- Pitcher
- Born: February 17, 1926 Philadelphia, Pennsylvania, U.S.
- Died: February 11, 2019 (aged 92) Claymont, Delaware, U.S.
- Batted: RightThrew: Right

MLB debut
- July 3, 1951, for the St. Louis Cardinals

Last MLB appearance
- May 6, 1957, for the Detroit Tigers

MLB statistics
- Win–loss record: 5–9
- Earned run average: 6.36
- Strikeouts: 69
- Stats at Baseball Reference

Teams
- St. Louis Cardinals (1951–1952); Kansas City Athletics (1956); Detroit Tigers (1957);

= Jack Crimian =

American baseball player (1926–2019)

John Melvin Crimian (February 17, 1926 – February 11, 2019) was an American Major League Baseball pitcher. A right-hander, he appeared in 74 total games pitched for the St. Louis Cardinals (1951–52), Kansas City Athletics (1956) and Detroit Tigers (1957). The native of Philadelphia was listed at 5 ft 10 in tall and 180 lb.

==Biography==
Crimian attended Olney High School in his native city and signed with his hometown Philadelphia Phillies in 1944. After wartime service in the United States Army in 1945, he returned to baseball in 1946, put up a 13–4 record with the Class B Wilmington Blue Rocks, and was drafted by the Cardinals out of the Phillies' organization that winter.

He spent another 41/2 years in minor league baseball before his call up to St. Louis in July 1951. In his first MLB trial, he got into seven games that month, all in relief, and was treated roughly, allowing 24 hits and eight bases on balls in 17 innings pitched. However, he registered his first big-league victory on July 15 by pitching 32/3 innings of three-hit, one-run relief to beat his original team, the Phillies, 7–4, in the first game of a doubleheader at Shibe Park. The Cardinals gave Crimian another audition in June 1952; manager Eddie Stanky used him out of the bullpen in five games and 81/3 innings. Crimian had a difficult outing on June 15, however, against the New York Giants, giving up seven hits and six earned runs in only one-third of an inning, and was returned to the Triple-A Rochester Red Wings for the remainder of 1952.

Crimian then recorded four consecutive seasons at the Triple-A level. Pitching mostly in relief, he notched earned run averages below 3.00 from 1952 to 1954, and won 30 out of 46 decisions in 174 games pitched. Then, in 1955, Crimian became a starting pitcher for the Toronto Maple Leafs, posting a 19–6 record and 2.10 earned average with 16 complete games, was named "Pitcher of the Year" in the International League, and then was acquired by the Athletics in October.

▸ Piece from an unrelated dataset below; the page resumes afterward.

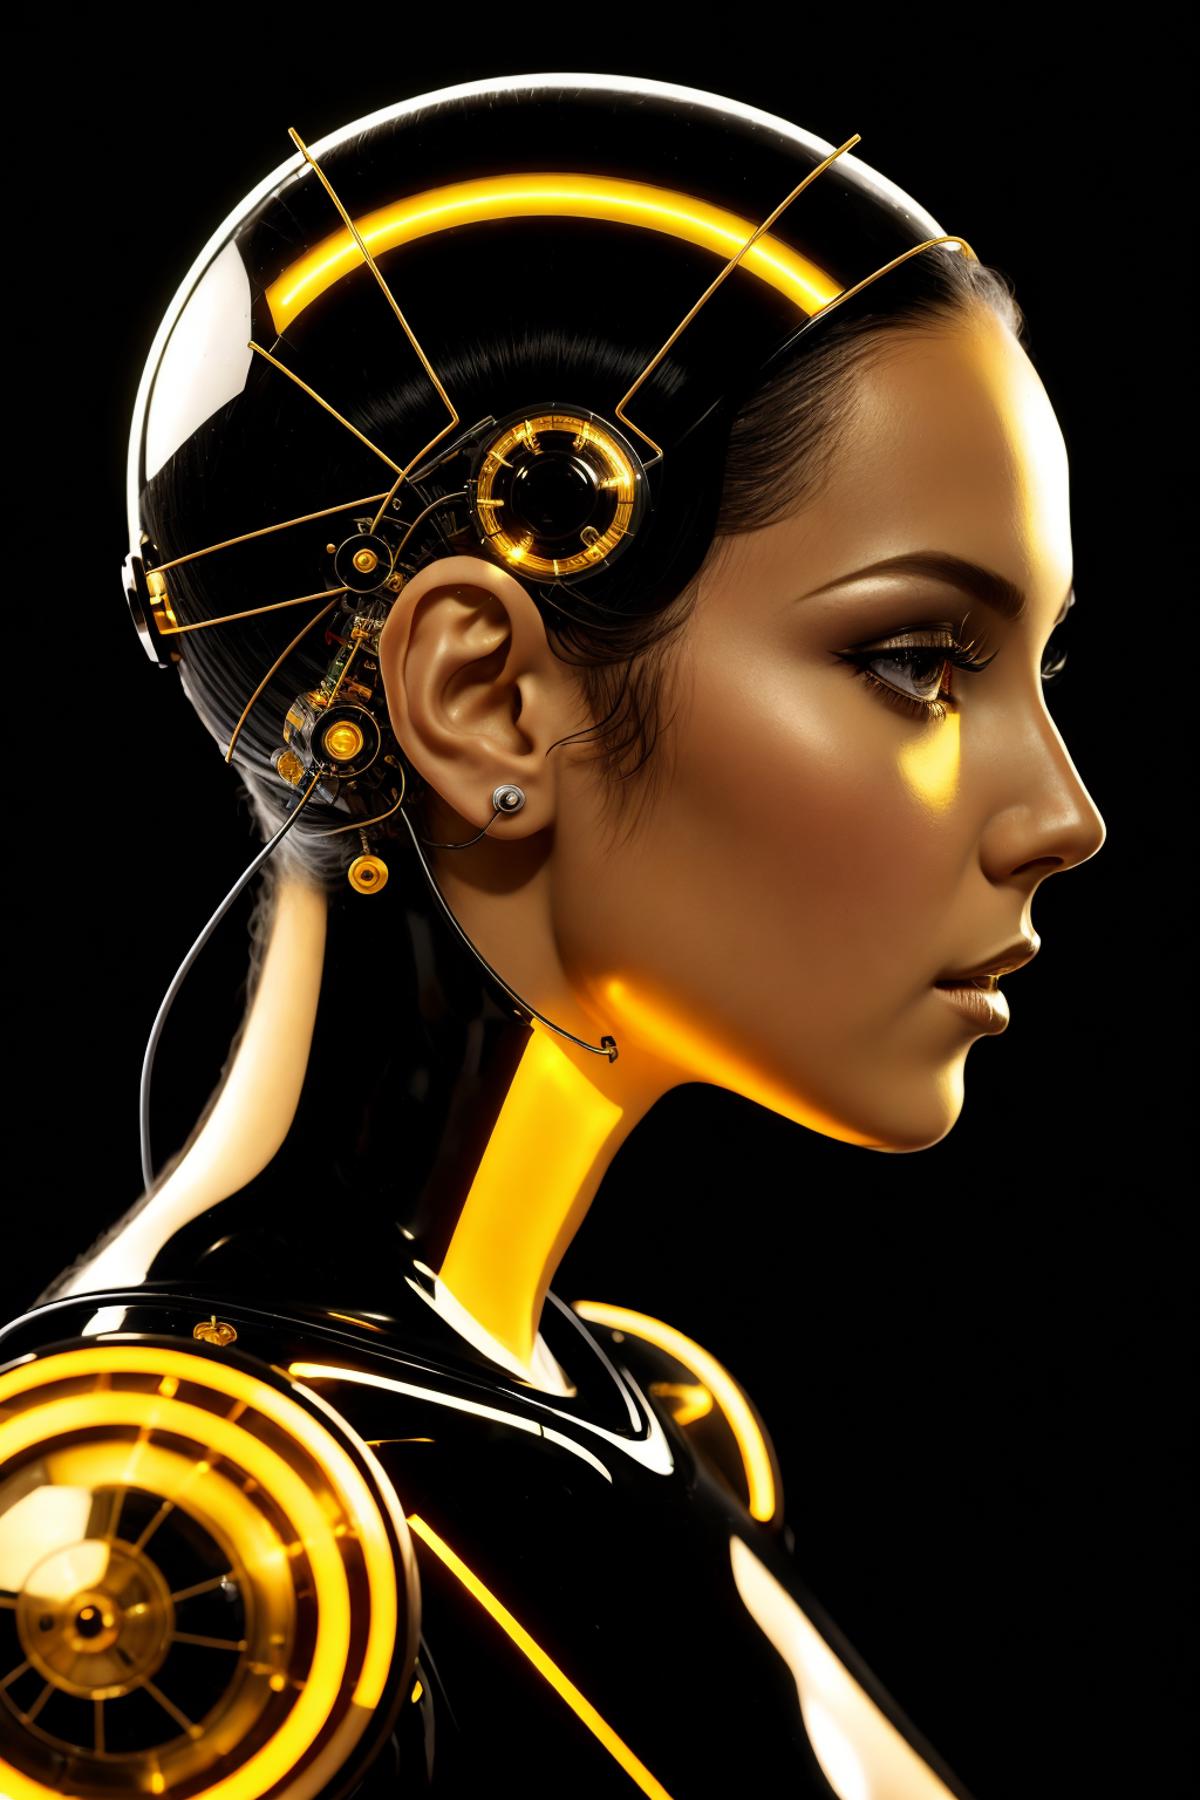 AI model image by DeViLDoNia

Crimian spent all of 1956 in the American League with Kansas City. Working in 54 games, seven as a starting pitcher, over 129 innings, he won four of 12 decisions and recorded three saves for a last-place team which lost 102 of 154 games. The Athletics then included him in an eight-player off-season trade to the Detroit Tigers, who used him in four games in April 1957 before being sent back to Toronto. During his MLB career, Crimian had 160 total innings pitched, allowing 177 hits, 65 bases on balls and recorded 69 strikeouts.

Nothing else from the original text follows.